How to Leverage Today's Ultra-High Interest Rates to Grow Your Savings
High interest rates aren’t always a bad thing for everyday consumers. In fact, now could be the perfect time to leverage them to boost your savings.
The Federal Reserve’s inflation-busting rate hikes over the past year have created an opportunity for Americans to earn major annual percentage yields, or APYs, on their savings by creating what's called a deposit “ladder.” Laddering is a low-risk investment strategy that involves splitting money between certificates of deposit (abbreviated CDs) with different maturity rates to enjoy a steady stream of savings over time.

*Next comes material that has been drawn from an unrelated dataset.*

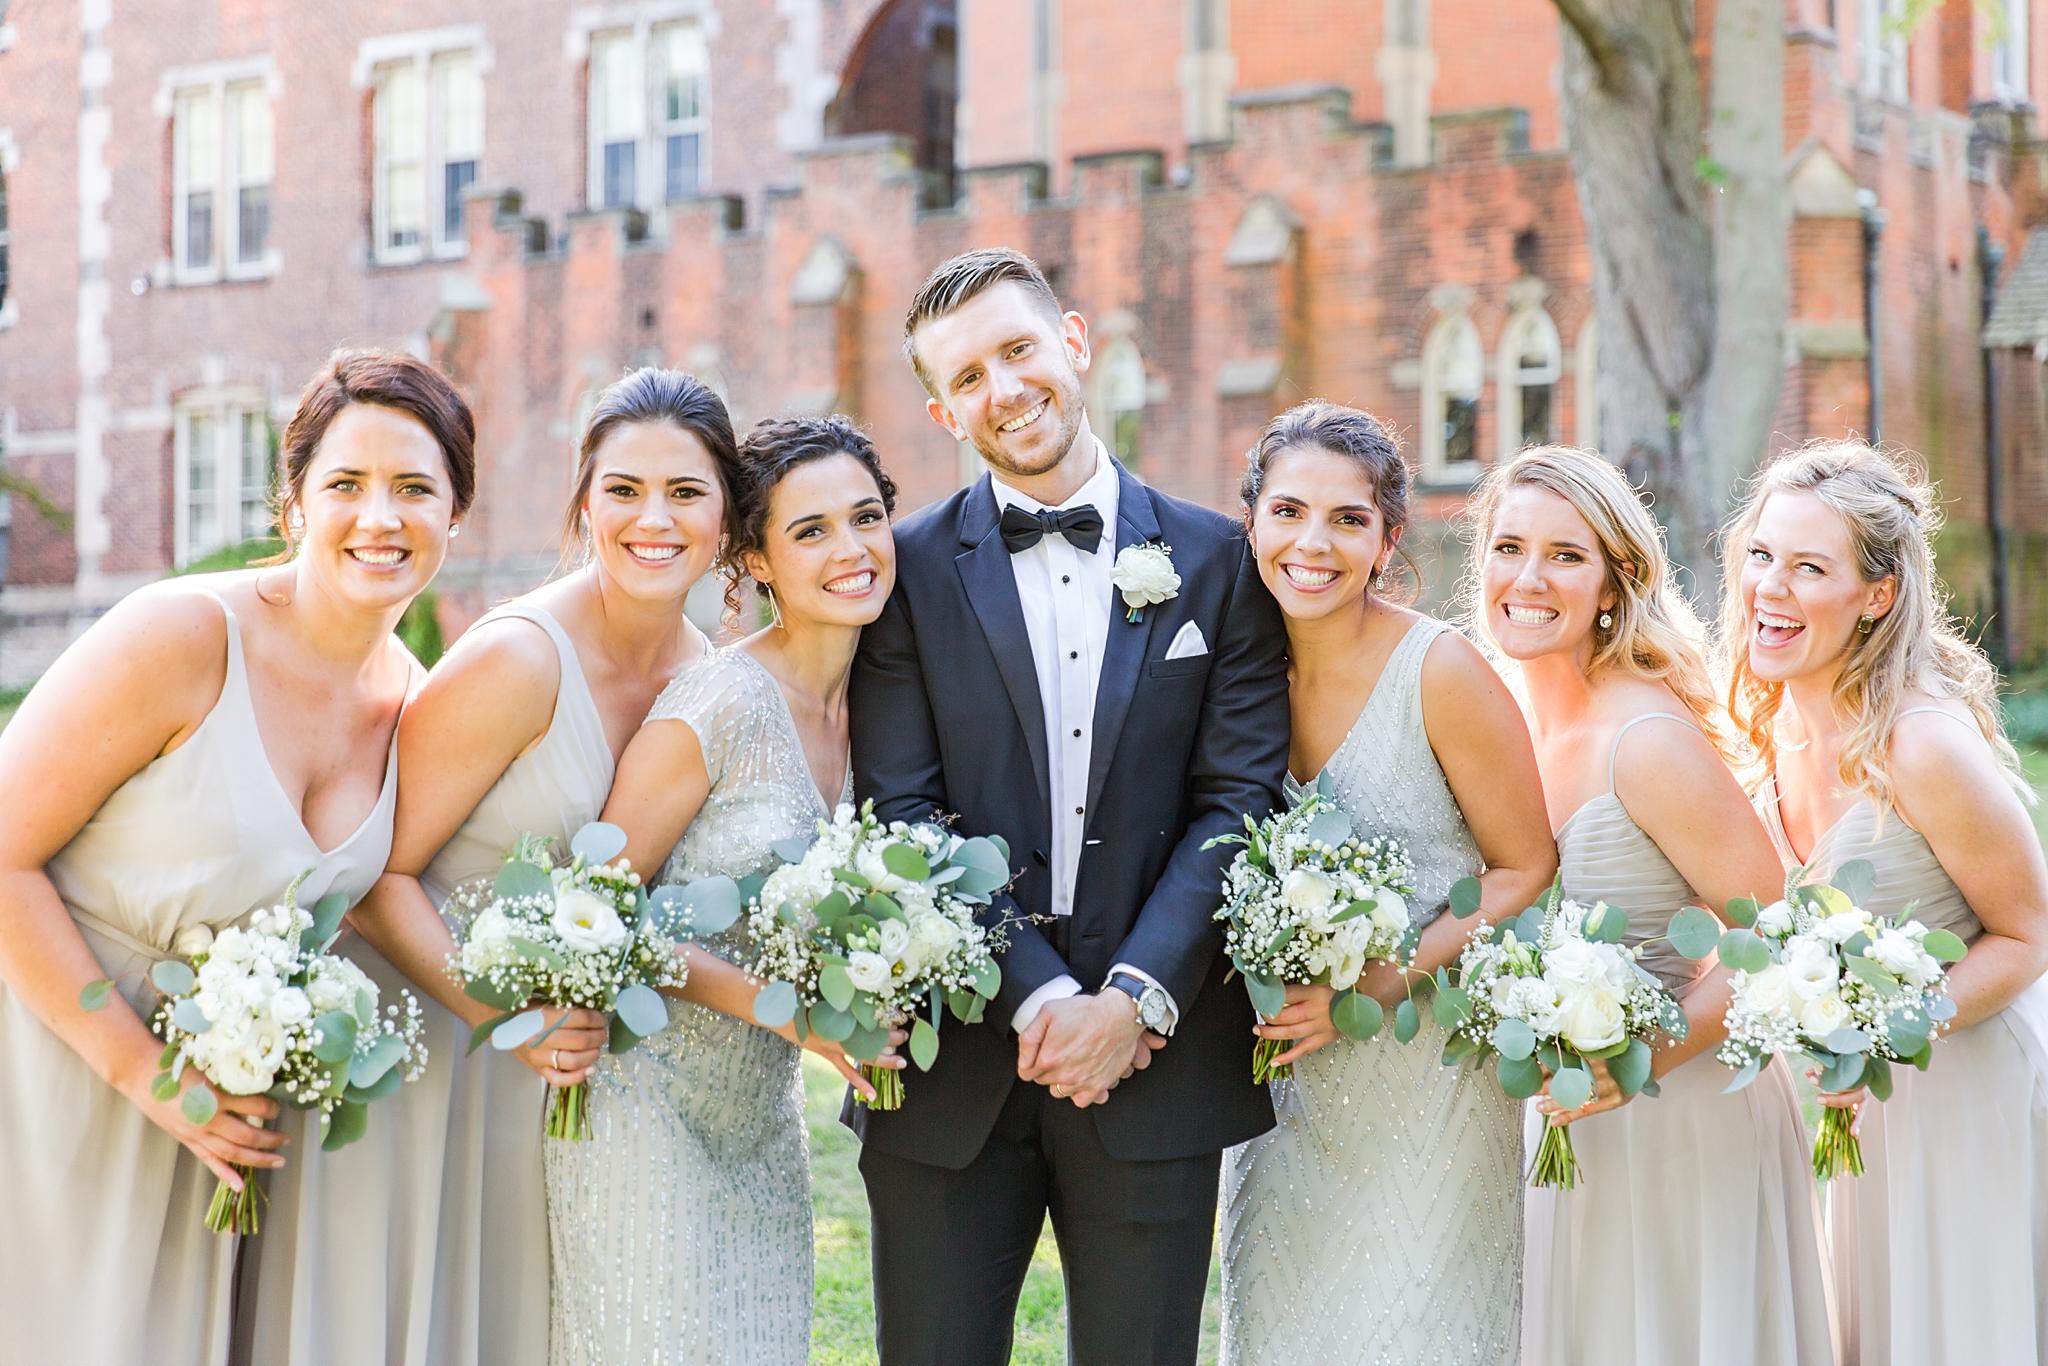 detroit-wedding-photographer-grosse-pointe-academy-chapel-detroit-golf-club-wedding-carly-matt-by-courtney-carolyn-photography_0080.jpg

A CD is a federally insured savings product that holds a fixed amount of money for a set interval of time, usually ranging from three months to five years. As the CD gets closer to its end date, or matures, you earn guaranteed interest on your deposit.
Certified financial planner Joe Kelly tells Money that because of the inverted yield curve — which occurs when short-term interest rates for bonds are higher than what's expected in the long term — investors can now capture higher yields with shorter-term CDs without having to worry about where interest rates will go in the future.
You can then use the interest as cash, reinvest it in another CD to extend the ladder, put it into other investment or stash it in other savings accounts.
“It's quite an interesting time to invest and make a return that's greater than inflation so that our purchasing power is increasing,” Kelly says.